According to a study published by JAMA Internal Medicine, 80% fewer patients were studied as part of expedited reviews of new drugs approved by the U.S. Food and Drug Administration (FDA). Not only that, but many of the required postmarketing studies of these drugs were not completed after 4 years!
Here’s the relevant section of the press release:
Thomas J. Moore, A.B., of the Institute for Safe Medication Practices, Alexandria, Va., and Curt D. Furberg, M.D., Ph.D., of the Wake Forest School of Medicine, Winston-Salem, N.C., examined development times, clinical testing, post-market follow-up and safety risks for the new drugs approved by the FDA in 2008, when most provisions of current law, regulation and policies were in effect.

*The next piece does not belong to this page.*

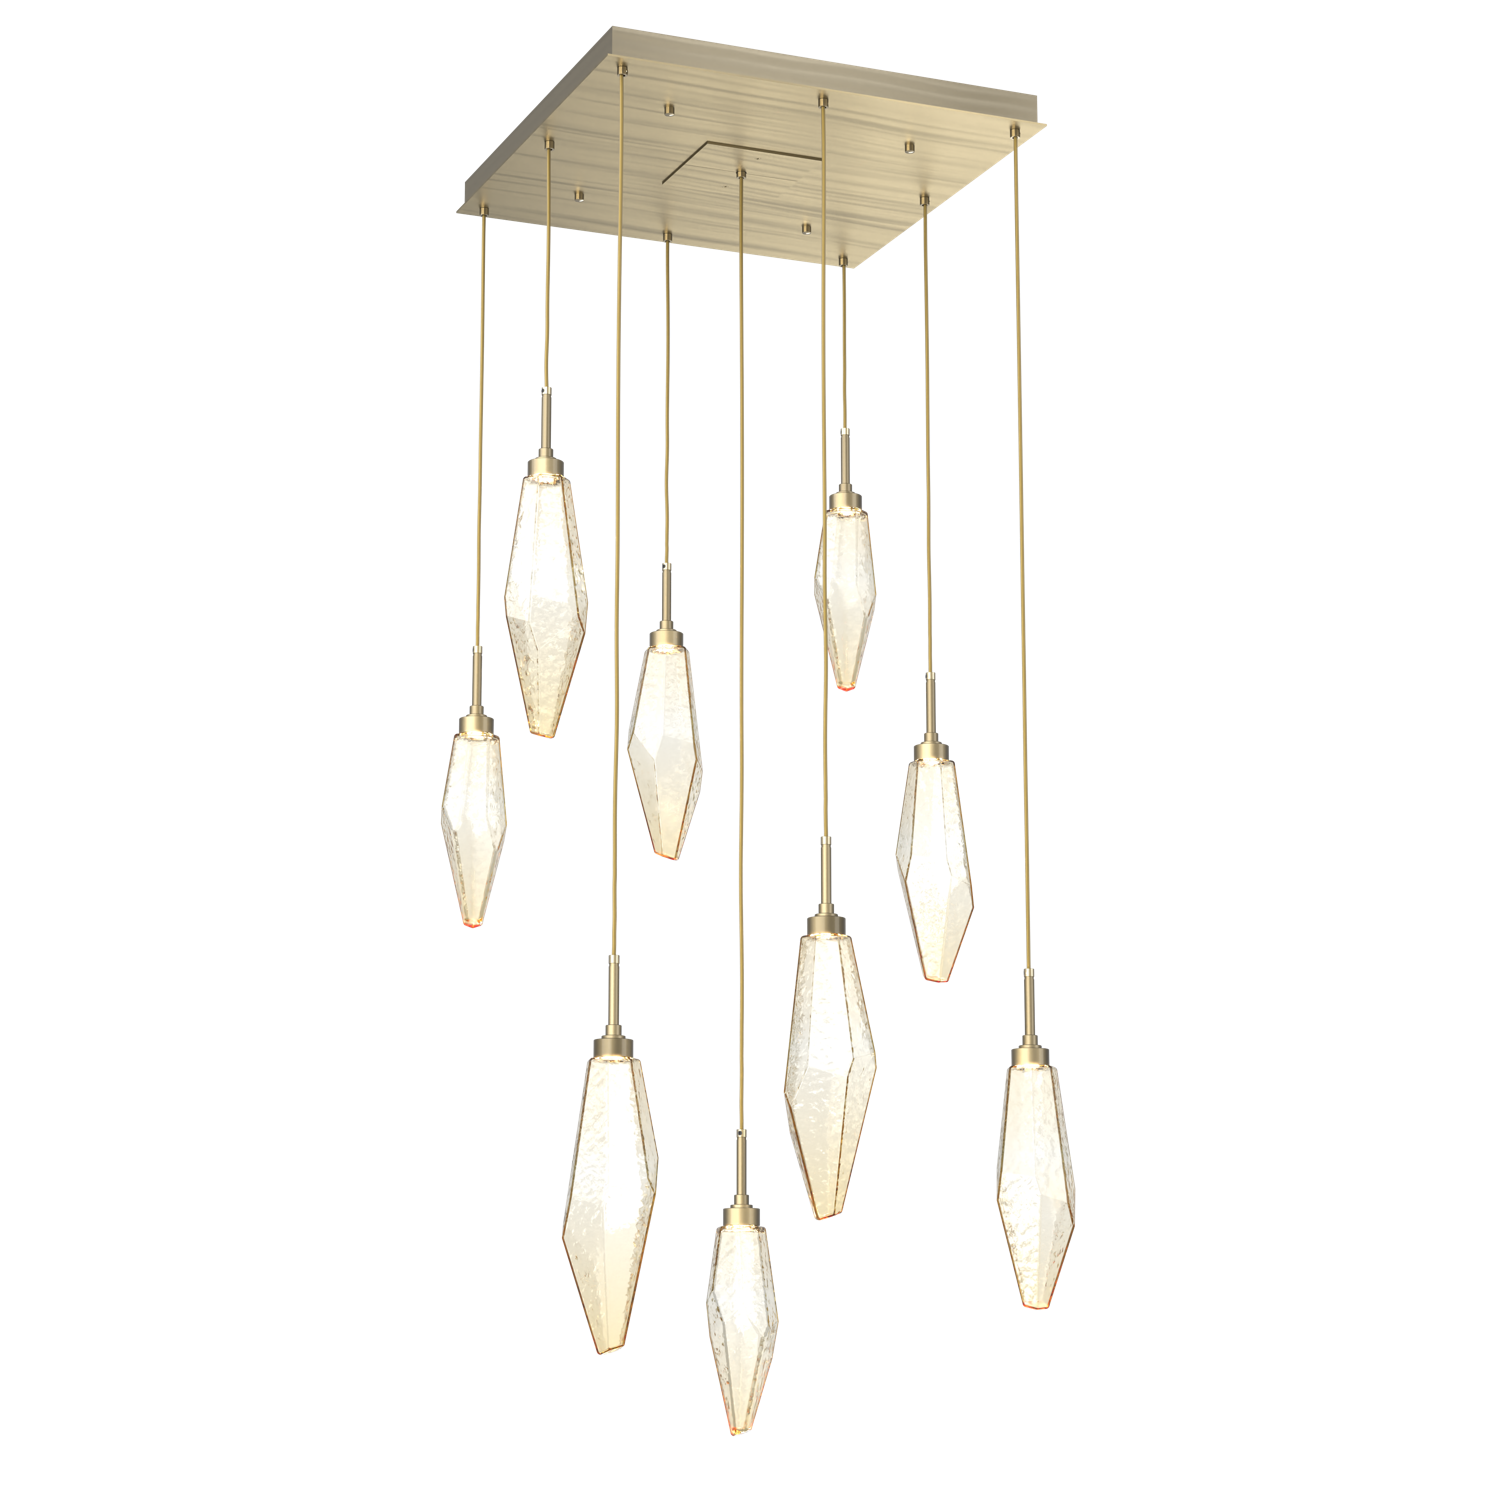 CHB0050-09-HB-CA-Hammerton-Studio-Rock-Crystal-9-light-square-pendant-chandelier-with-heritage-brass-finish-and-chilled-amber-blown-glass-shades-and-LED-lamping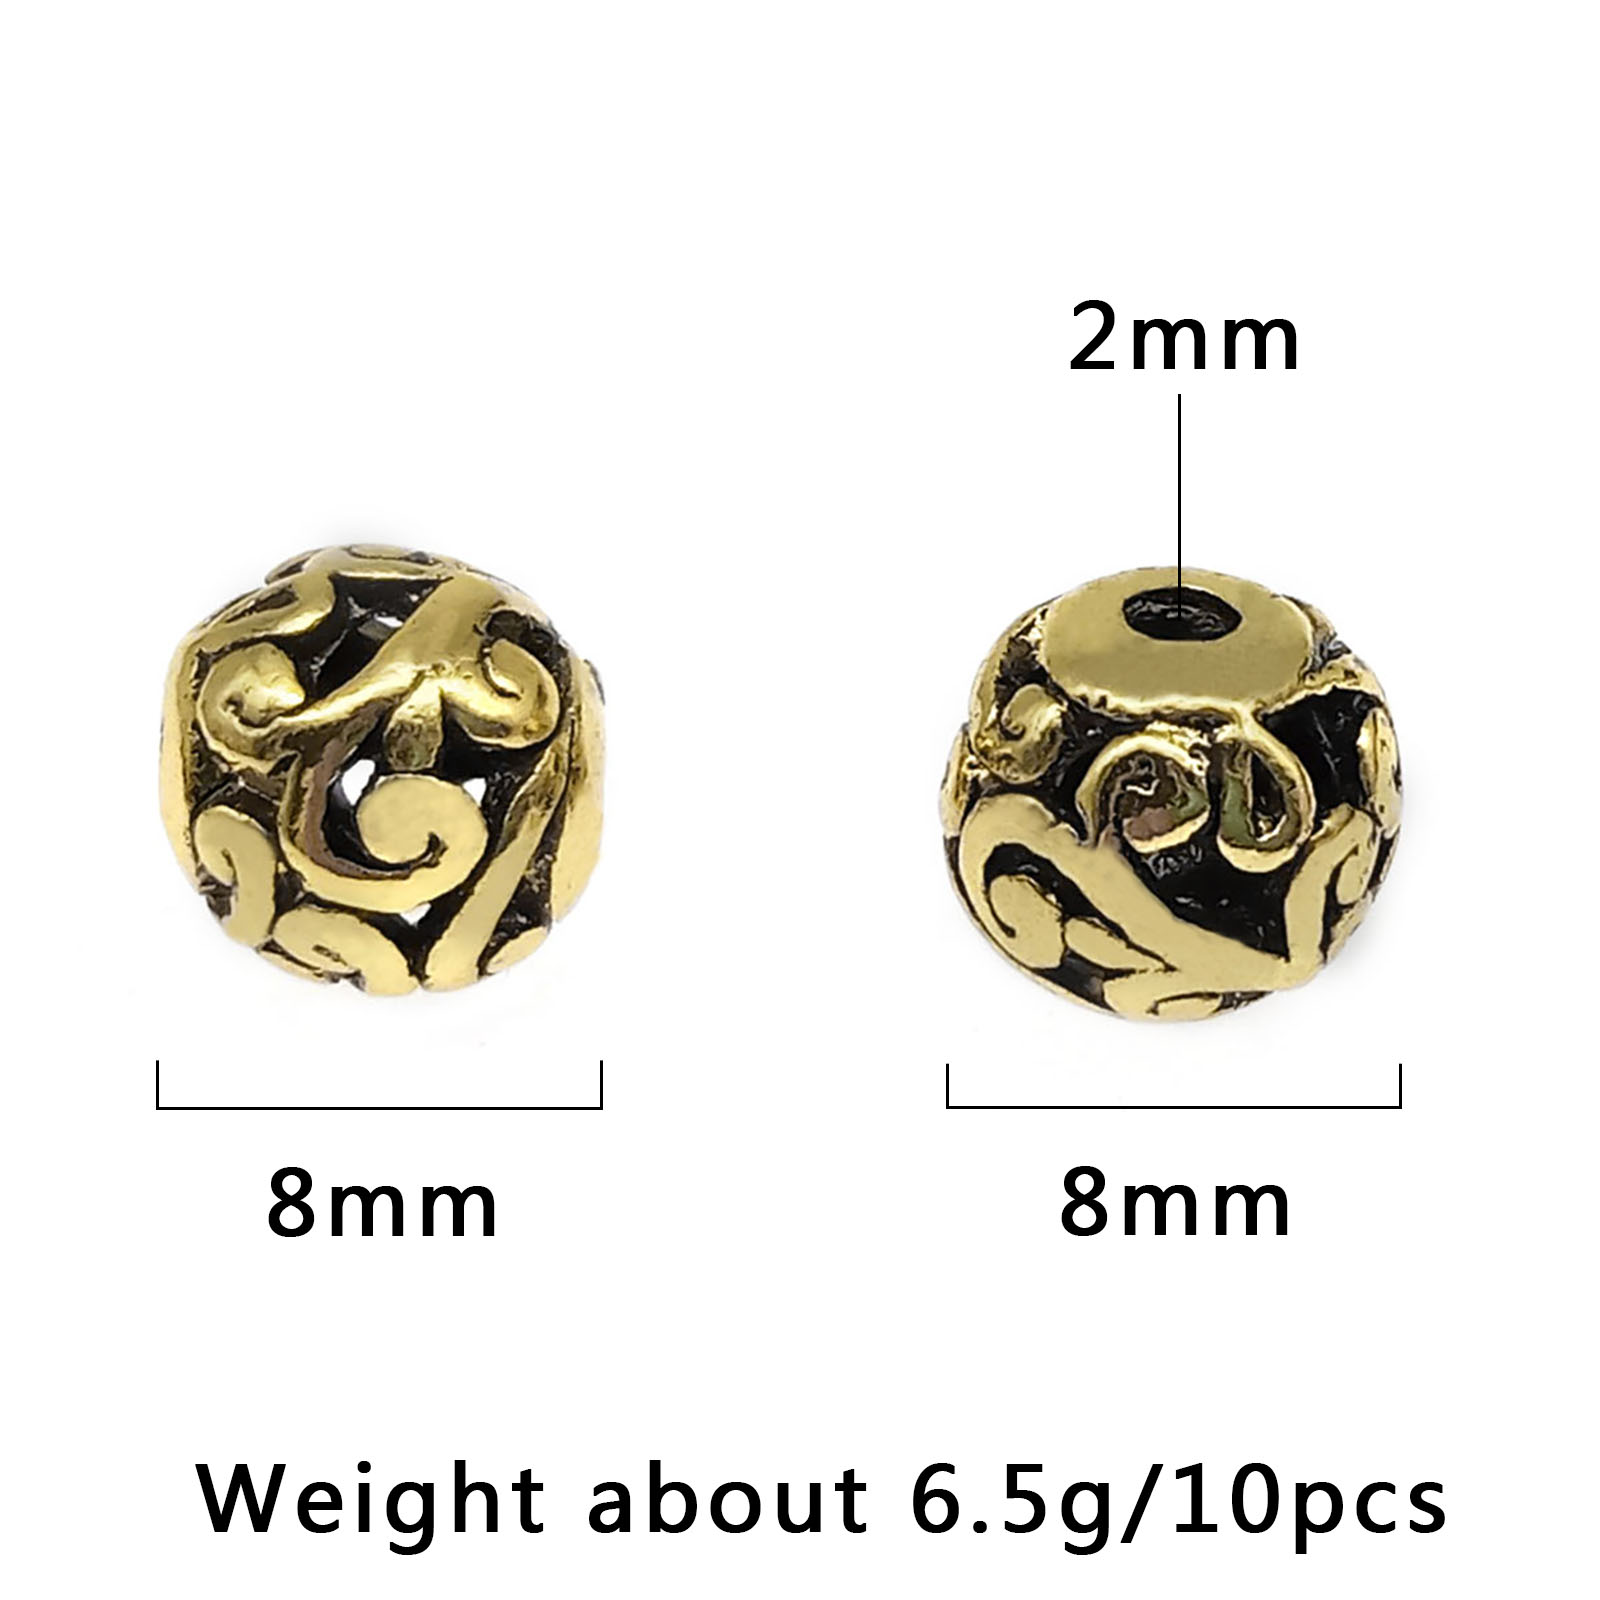 The diameter of the beads is 8mm and the hole diameter is about 2mm

That year, the FDA approved 20 therapeutic drugs (eight under expedited review and 12 under standard review). The study findings indicate that expedited drugs took a median (midpoint) of 5.1 years of clinical development to get marketing approval compared with 7.5 years for the drugs that underwent standard review, according to the study results.
The expedited drugs were tested for efficacy in a median 104 patients compared with a median 580 patients for standard review. By 2013, many postmarketing studies to gather additional evidence on the safety of expedited drugs had not been completed, according to researchers.
“The testing of new drugs has shifted from a situation in which most testing was conducted prior to initial approval to a situation in which many innovative drugs are more rapidly approved after a small trial in a narrower patient population with extensive additional testing conducted after approval,” the authors conclude. “Our findings suggest that the shift has made it more difficult to balance the benefits and risks of new drugs.
In a related commentary, Daniel Carpenter, Ph.D., of Harvard University, Boston, writes “If the FDA’s requirements for new drugs, both premarket and postmarket, are weakened, trust in both the efficacy and safety of prescription drugs is likely to be weakened. The stakes of the current policy debates could not be higher. There is scarcely a feature of the American health care system that does not depend on evidence-based trust in prescription drugs, ratified and enforced by the FDA.”